Benchmarks 5: Zarr Pyramids

Explanation

In the previous notebooks, we saw how chunk size and number can impact performance. Pyramids, or multiscale datasets, aggregate data at various levels to create reduced resolution datasets which perform better at low zoom levels. These datasets are not representing the “raw data” but it is assumed these aggregated datasets are intended for visual representation of the data and not numerical analysis.

Dataset Generation

The code to produce the zarr pyramids is in the tile-benchmarking repo: 02-run-tests/05-cmip6-pyramid.ipynb.

Tests

Tests were run via the tile-benchmarking/02-run-tests/04-number-of-spatial-chunks.ipynb notebook.

import pandas as pd
import warnings
import holoviews as hv

pd.options.plotting.backend = "holoviews"
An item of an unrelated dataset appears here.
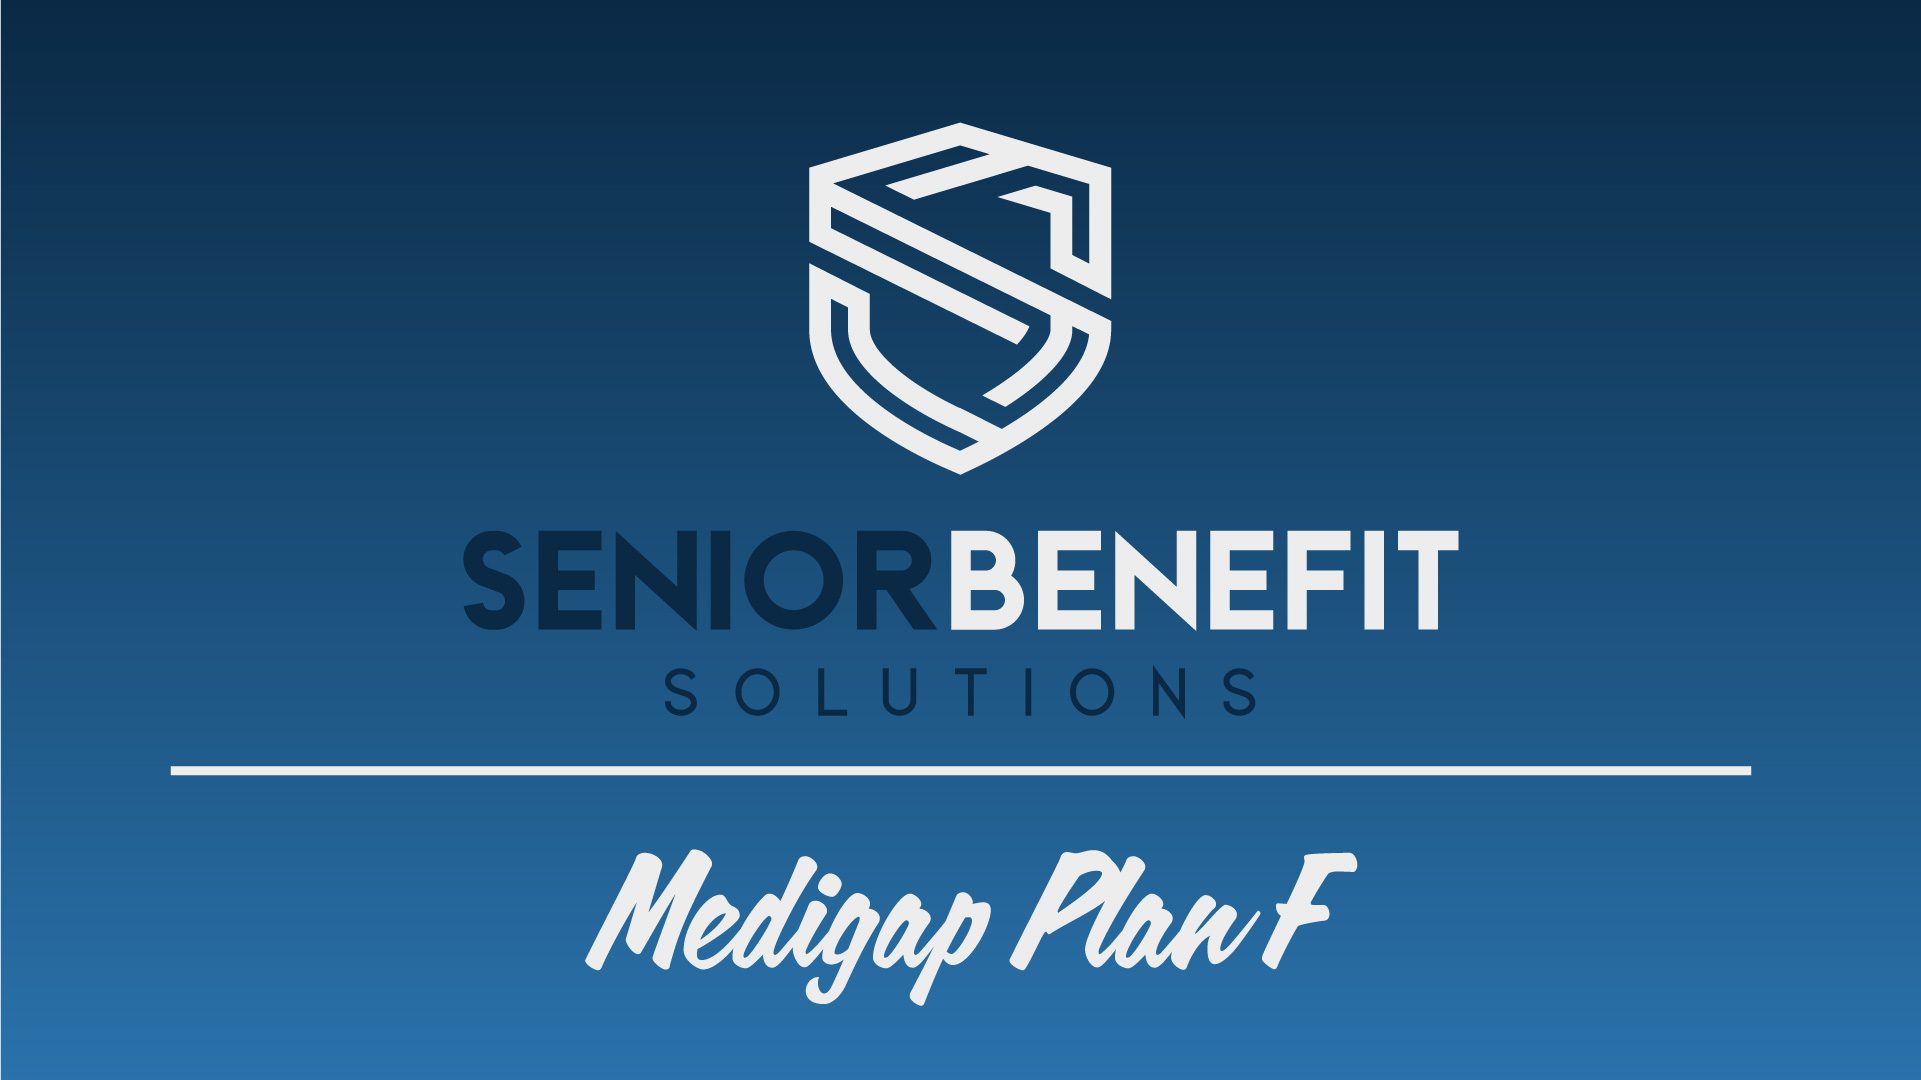 Senior Benefit Solutions; Medigap Plan F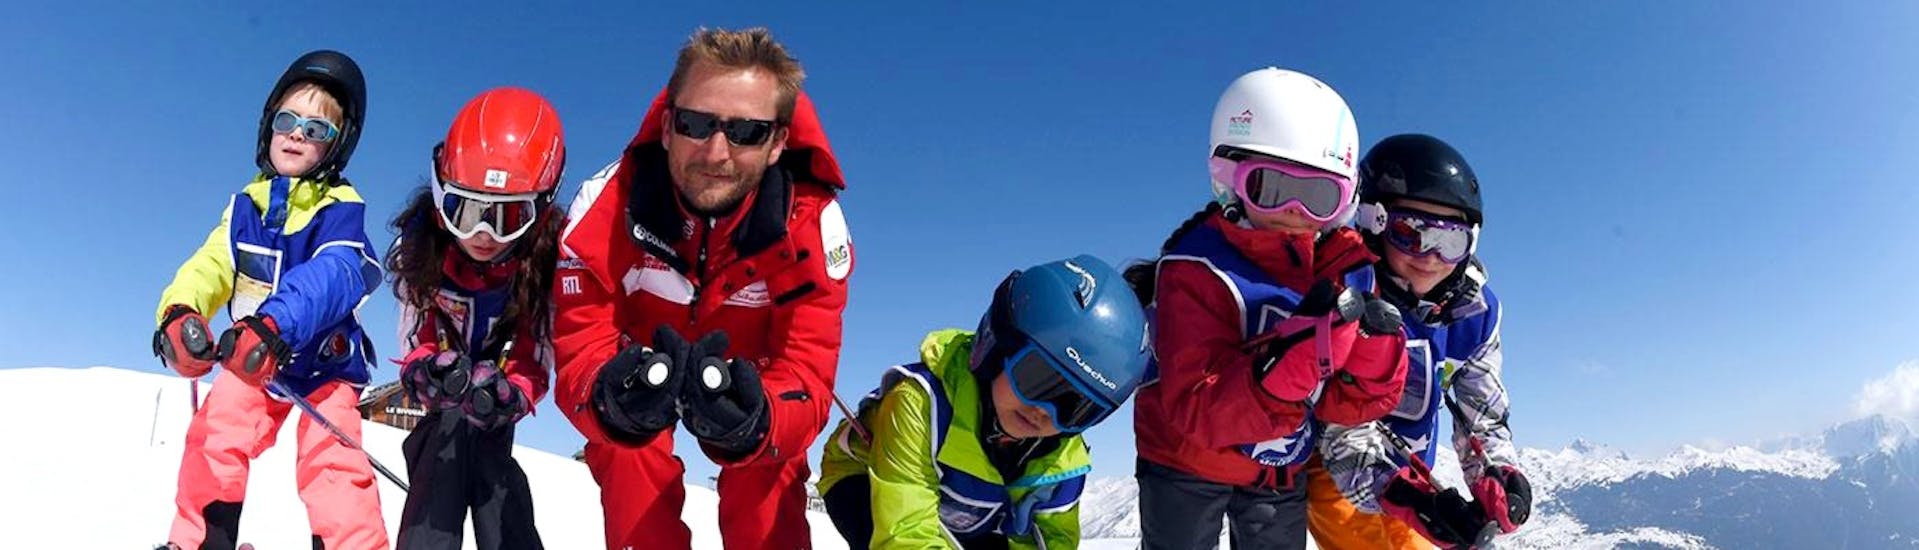 Bambini che si divertono sulle piste con il loro maestro durante le lezioni di sci per bambini per sciatori esperti della Scuola di sci ESF Serre Chevalier - Villeneuve.

warnings.filterwarnings("ignore")

git_url_path = "https://raw.githubusercontent.com/developmentseed/tile-benchmarking/main/02-run-tests/results-csvs/"
df = pd.read_csv(f"{git_url_path}/05-cmip6-pyramid-results.csv")

zooms = range(4)

plt_opts = {"width": 400, "height": 300}

plts = []

for zoom_level in zooms:
    df_level = df[df["zoom"] == zoom_level]
    plts.append(
        df_level.hvplot.box(
            y="time",
            by=["data_format"],
            c="data_format",
            cmap="Plasma_r",
            ylabel="Time to render (ms)",
            xlabel="Data Format",
            legend=False,
            title=f"Zoom level {zoom_level}",
        ).opts(**plt_opts)
    )
hv.Layout(plts).cols(2)

Interpretation of the Results

At low zoom levels, pyramids improved performance. It is notable that this dataset is not very high resolution and that a more significant performance improvement may be seen for pyramids for higher resolution datasets. For the CMIP6 dataset, it only makes sense to use a pyramid for zoom levels 0 and 1.